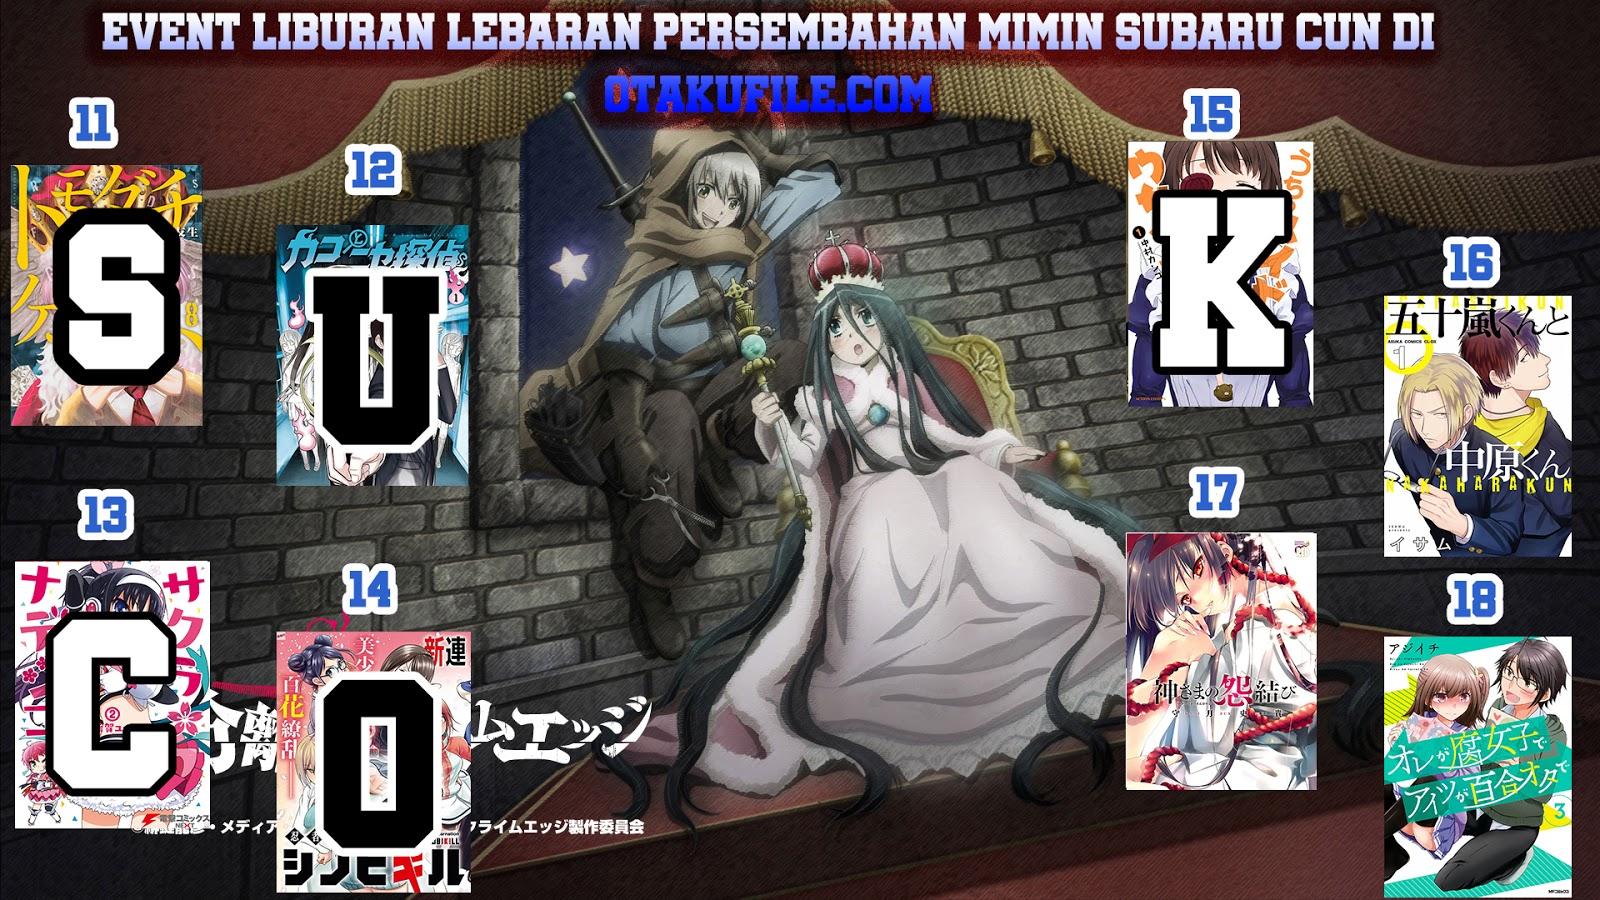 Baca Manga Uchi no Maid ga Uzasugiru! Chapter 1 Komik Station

---

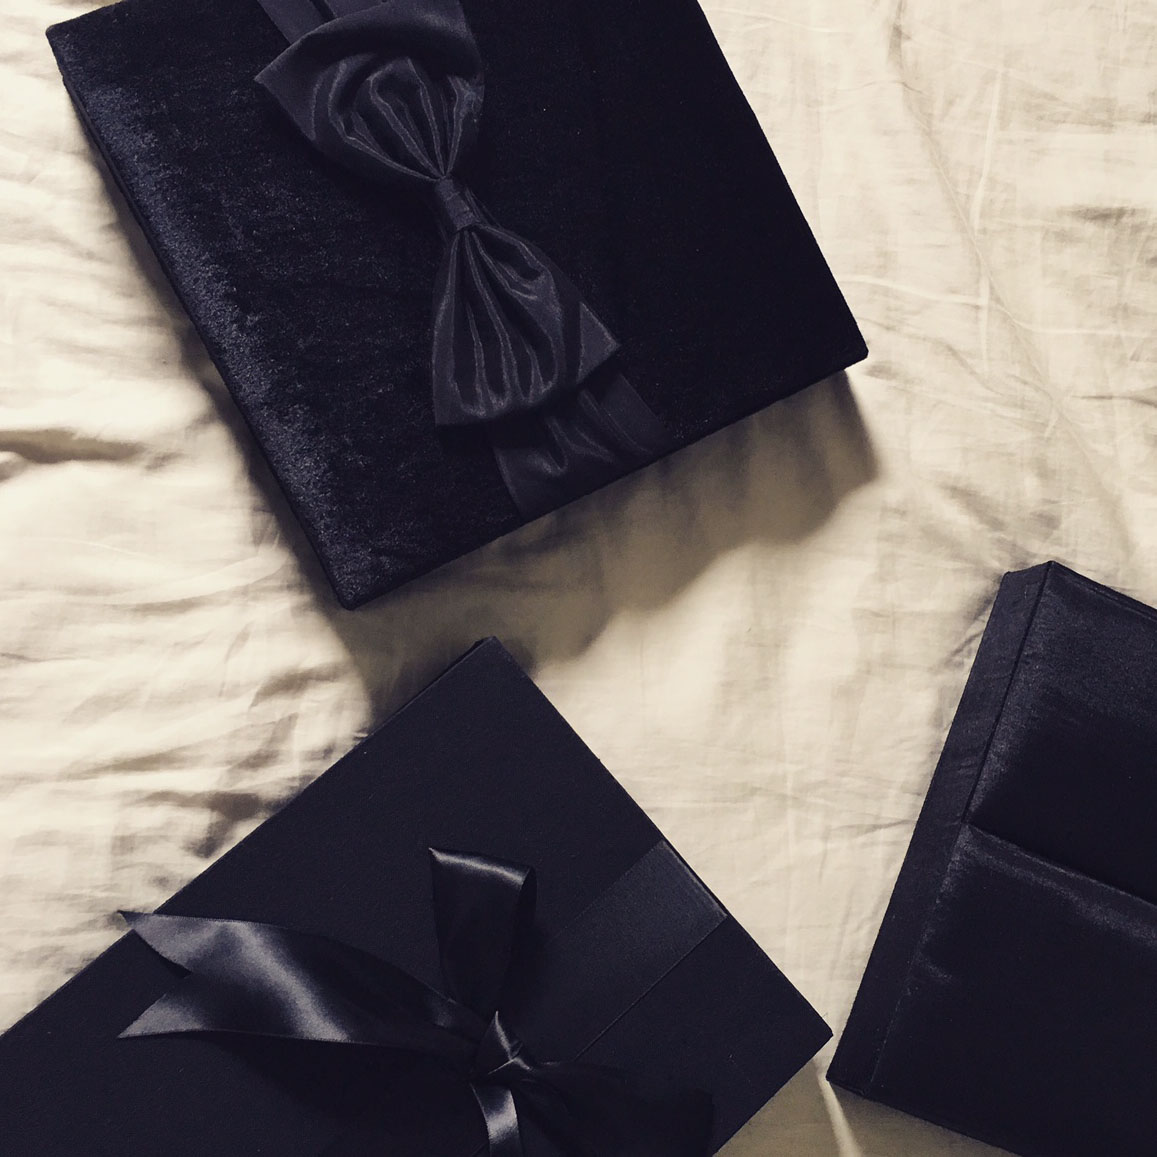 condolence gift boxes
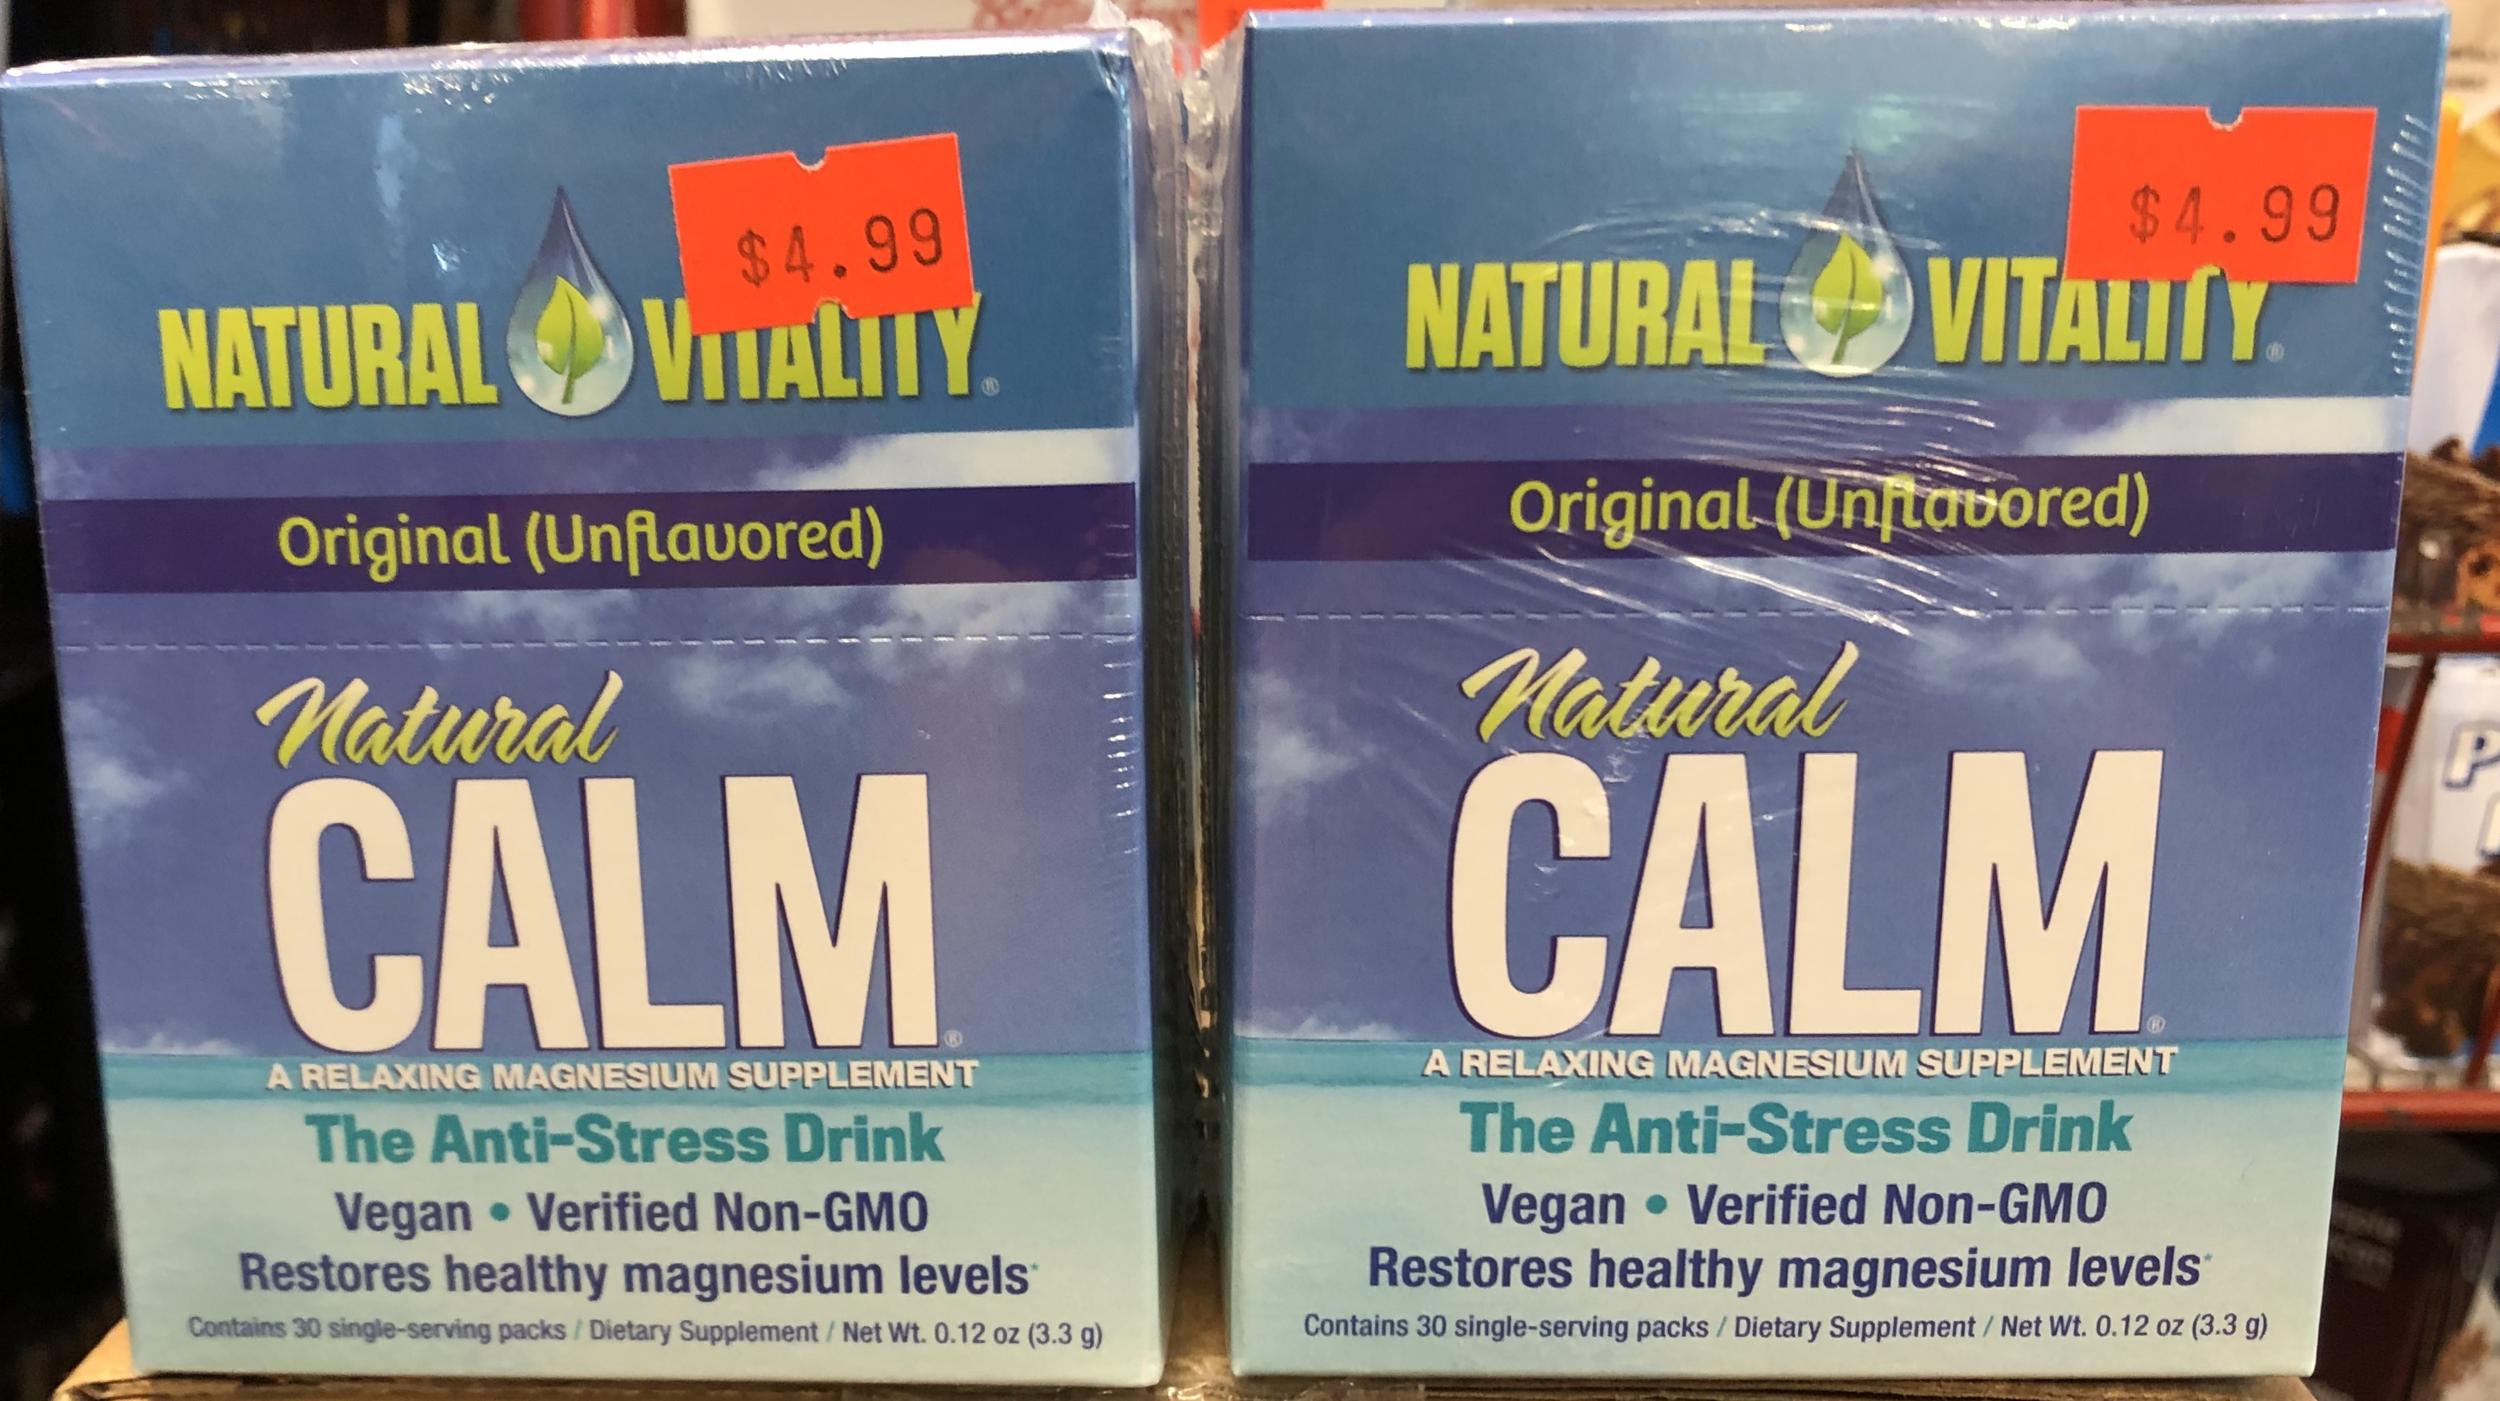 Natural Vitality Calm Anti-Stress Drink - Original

* * *

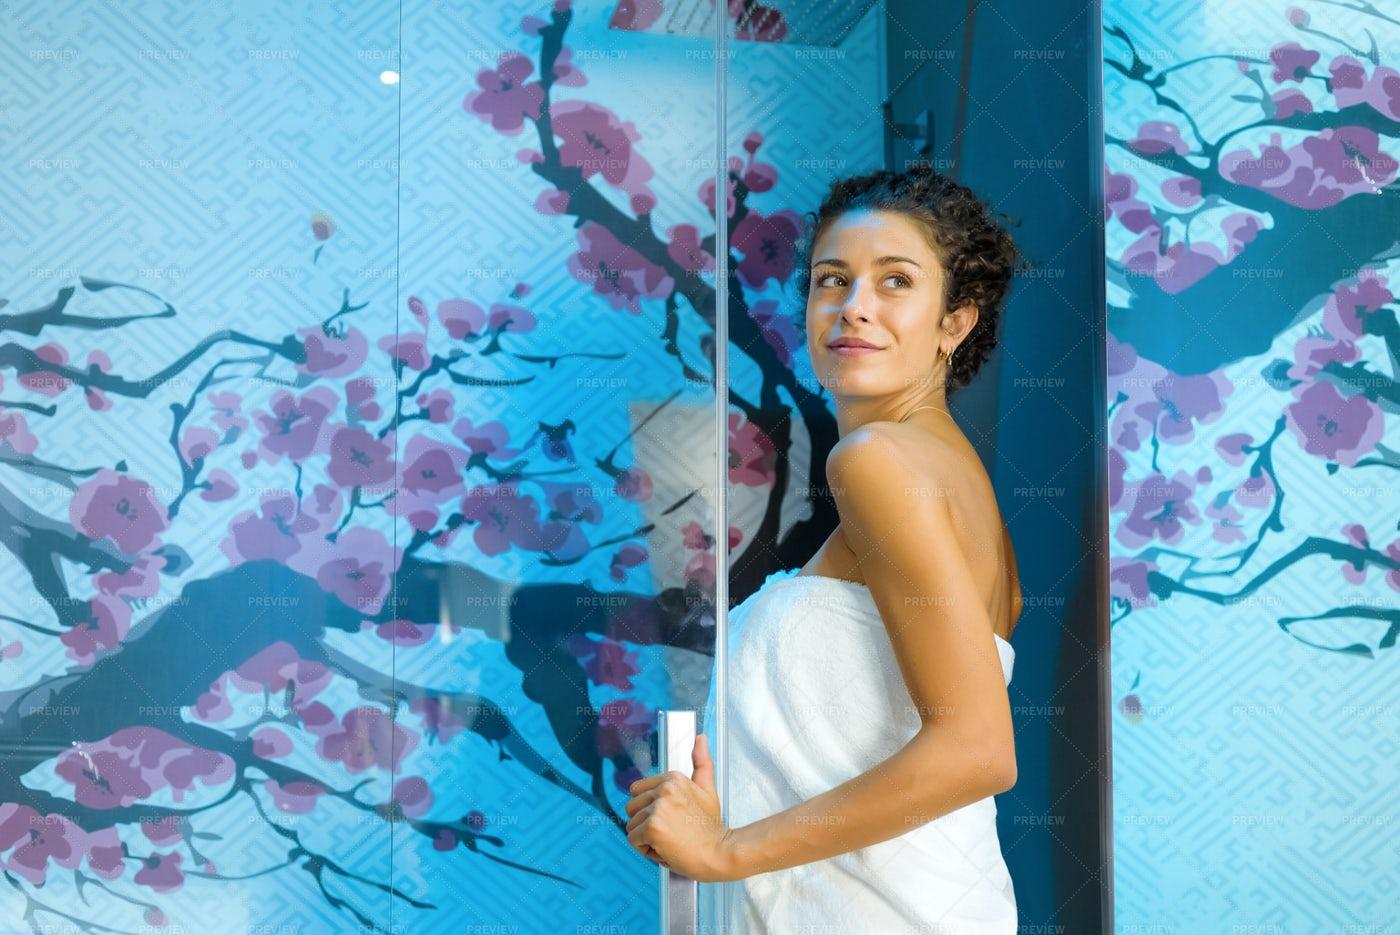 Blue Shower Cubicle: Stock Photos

• _Try it_
Repeat the lines above exactly, beginning with the one containing "condolence gift boxes" and finishing with the one containing "Natural Vitality Calm". No pictures belong in the copy.

• _Solution for this exercise_
 condolence gift boxes
 Natural Vitality Calm Anti-Stress Drink - Original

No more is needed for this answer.